[TASK DETAILS] The answer must be an exact reproduction of the lines from the start of the records below through the line containing "Ana Guiomar diz", and nothing more.

Entries taken from a collection:
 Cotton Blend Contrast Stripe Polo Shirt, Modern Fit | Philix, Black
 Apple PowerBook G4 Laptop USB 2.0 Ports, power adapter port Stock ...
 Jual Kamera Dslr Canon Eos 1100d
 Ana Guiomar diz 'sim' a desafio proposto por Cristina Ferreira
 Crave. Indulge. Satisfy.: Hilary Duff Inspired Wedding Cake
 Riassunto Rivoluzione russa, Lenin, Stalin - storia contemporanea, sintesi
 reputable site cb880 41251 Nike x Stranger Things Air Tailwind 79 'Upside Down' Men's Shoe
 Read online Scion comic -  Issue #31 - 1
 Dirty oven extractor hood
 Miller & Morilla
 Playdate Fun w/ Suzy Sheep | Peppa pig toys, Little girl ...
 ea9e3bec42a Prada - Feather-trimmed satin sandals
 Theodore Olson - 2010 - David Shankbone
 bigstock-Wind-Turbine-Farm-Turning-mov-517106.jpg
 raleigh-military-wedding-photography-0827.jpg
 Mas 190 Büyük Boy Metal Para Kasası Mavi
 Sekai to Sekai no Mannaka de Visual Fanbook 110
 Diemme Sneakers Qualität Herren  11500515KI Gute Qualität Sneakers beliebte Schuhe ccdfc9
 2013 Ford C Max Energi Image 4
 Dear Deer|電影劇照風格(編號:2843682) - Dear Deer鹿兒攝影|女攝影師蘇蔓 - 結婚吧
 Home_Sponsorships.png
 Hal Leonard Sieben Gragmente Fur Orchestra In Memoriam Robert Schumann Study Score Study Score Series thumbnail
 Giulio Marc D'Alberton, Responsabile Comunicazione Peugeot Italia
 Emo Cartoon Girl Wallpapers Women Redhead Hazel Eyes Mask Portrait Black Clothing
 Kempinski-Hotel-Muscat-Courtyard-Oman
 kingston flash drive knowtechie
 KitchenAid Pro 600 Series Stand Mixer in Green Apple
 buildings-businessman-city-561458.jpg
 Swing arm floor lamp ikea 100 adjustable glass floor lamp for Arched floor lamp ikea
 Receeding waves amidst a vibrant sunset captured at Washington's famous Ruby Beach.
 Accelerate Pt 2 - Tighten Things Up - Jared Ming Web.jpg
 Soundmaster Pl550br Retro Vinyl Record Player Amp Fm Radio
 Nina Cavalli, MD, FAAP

[WORKED SOLUTION]
 Cotton Blend Contrast Stripe Polo Shirt, Modern Fit | Philix, Black
 Apple PowerBook G4 Laptop USB 2.0 Ports, power adapter port Stock ...
 Jual Kamera Dslr Canon Eos 1100d
 Ana Guiomar diz 'sim' a desafio proposto por Cristina Ferreira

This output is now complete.